We dalen de 390 treden van de vele trapjes af en beginnen de tocht op 135 meter
diepte in de schemer en de stilte. Gangen, steeds weer afgesloten door dikke
deuren. Staan er twee open tegen elkaar, dan is er een forse luchtstroom. Wanden
met houten stutten, spannende zoutlagen, die variëren in kleur en dikte. In dit
gangenstelsel kan een bezoeker zonder gids gemakkelijk de weg kwijt raken. De
mijn is nog in gebruik, hoewel niet intensief. Veel gangen zijn ooit met de
hand gegraven, later werden explosieven gebruikt. Verbazing en verrukking
wisselen elkaar af. Zo komen we door de zaal met legenden, passeren we de Grot
van de Dwergen, zien we hoe paarden werden gebruikt voor het exploiteren van de
mijn. Alles is van zout nagemaakt. Romantiek is er ook; bij een meer houden we
halt en klinkt vanuit het donker muziek van Chopin. De mooiste van alle kapellen
is de Kapel van de Zalige Kingma. Volgens een legende was zij een Hongaarse
prinses die ging trouwen met een Krakause hertog. Ze wilde hem verrassen met
een huwelijksgeschenk waar alle onderdanen wat aan hadden en gooide haar
wonderring in een Hongaarse zoutmijn. Op weg naar Krakau beval ze haar dienaren
een gat in de grond te graven. Op de bodem troffen ze de ring aan in een enorm
brok zout.
Met of
zonder legende: de kapel is prachtig, ligt op een diepte van 101 meter, is 54
meter lang en 12 meter hoog. Er is 30 jaar aan gewerkt en de akoestiek is
uitzonderlijk. Hier worden regelmatig concerten gegeven en wie er wil huwen
hoeft dit alleen maar aan te vragen. De rekening mag er wezen! We wandelen
langs de kerststal met het Jezuskindje in roze zout, we zien de Vlucht naar
Egypte en het Laatste Avondmaal. Paus Johannes Paulus II ontbreekt niet. We
sluiten af in de grote zaal met tijdelijke exposities, hier is de horeca heer
en meester. In een gammele volgepakte lift komen we weer boven, het daglicht is
fel.
Zakopane
ligt 100 kilometer ten zuiden van Krakau. Via een toeristische route zien we
schitterende landschappen met typisch Poolse boerderijtjes. Het stadje is zowel
in de zomer als in de winter zeer in trek voor de vakantieganger.
Oogstrelend
zijn de vele houten huizen, maar de houten Onze-Lieve-Vrouwe van Czestechova
kerk uit 1847 spant de kroon. Het er naast gelegen kerkhof gaat door voor het
‘vrolijkste’ kerkhof van Polen.
De eerste
kennismaking met het stadje valt niet mee. Veel vakantiegangers, voorname hotels,
volle terrassen, muziek, winkelwaar te kust en te keur. Een braderie-achtige
sfeer. We vluchten het houten kerkje in, de gewijdheid is tastbaar. Zowel
exterieur als interieur: alles hout. Intiem, warm, veilig, zomaar woorden die
boven komen in de stilte. Veel iconen, de eenvoudige preekstoel en de wand
vormen een eenheid in hout.
Via een
rustieke stenen poort komen we op het er naast gelegen kerkhof. Strakke graven?

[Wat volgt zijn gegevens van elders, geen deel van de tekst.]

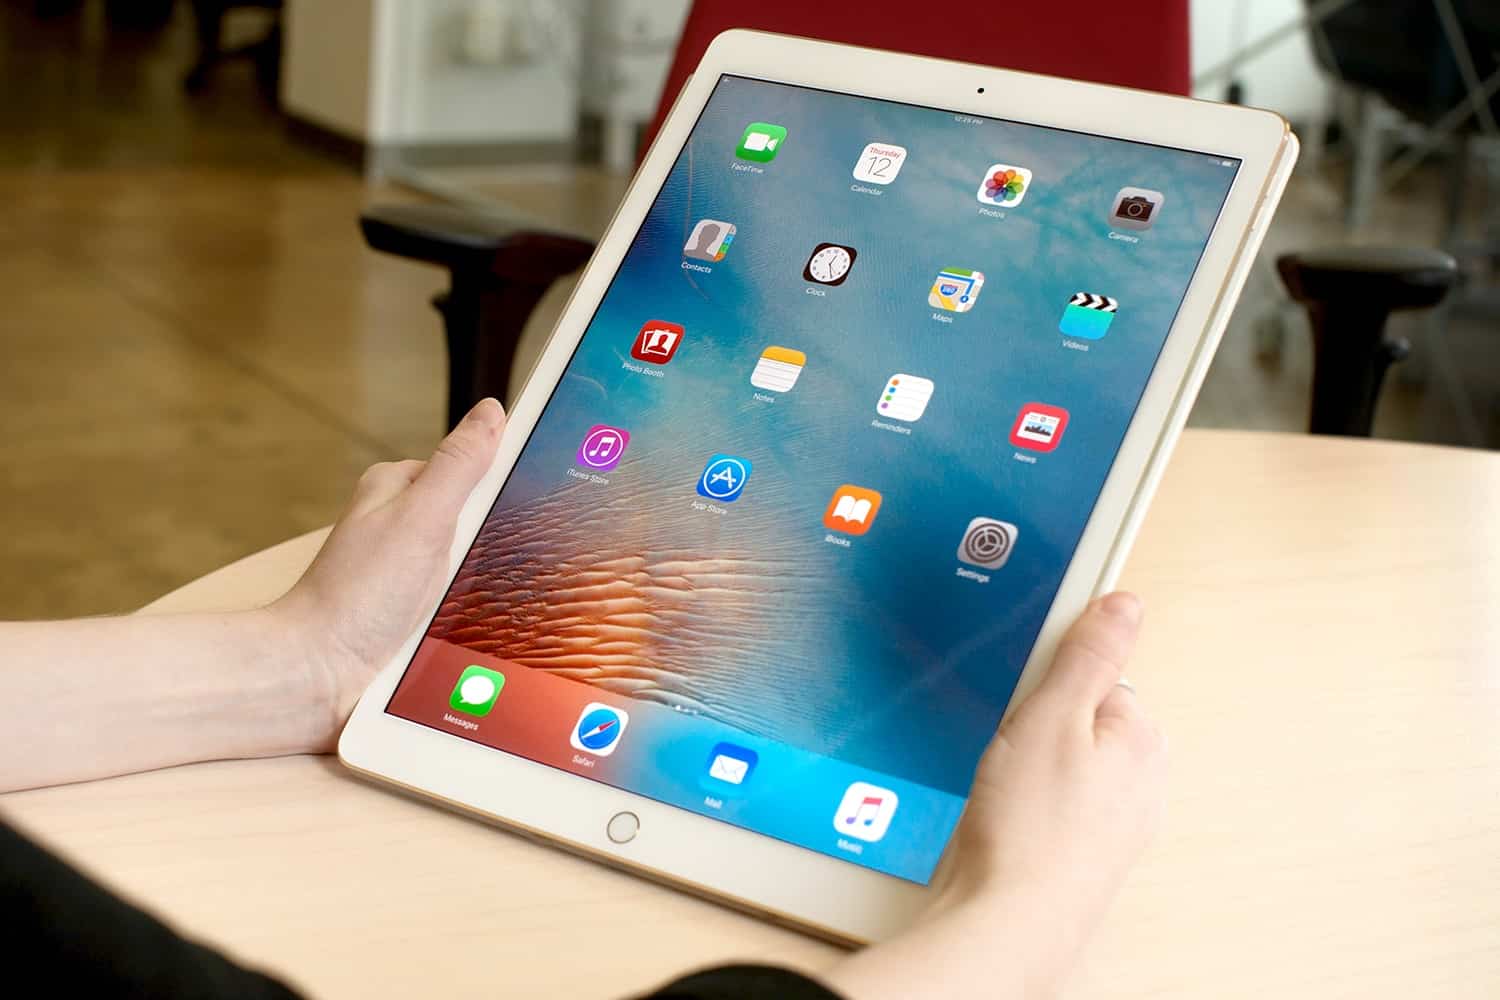 Rumores apuntan a que se lanzará un nuevo iPad de 10.5 pulgadas

Welnee, de graftuintjes vertellen alles over de dierbaren en zijn bont in
aandenken. Religie is er in de vorm van bijzondere kruisen en ‘Christus op
Koude Steen’ is hier een geliefd beeld.
Met deze
beelden op het netvlies keren we huiswaarts. In een weiland poseert een bruidspaar
tussen de hooioppers; avondrood kleurt de lucht…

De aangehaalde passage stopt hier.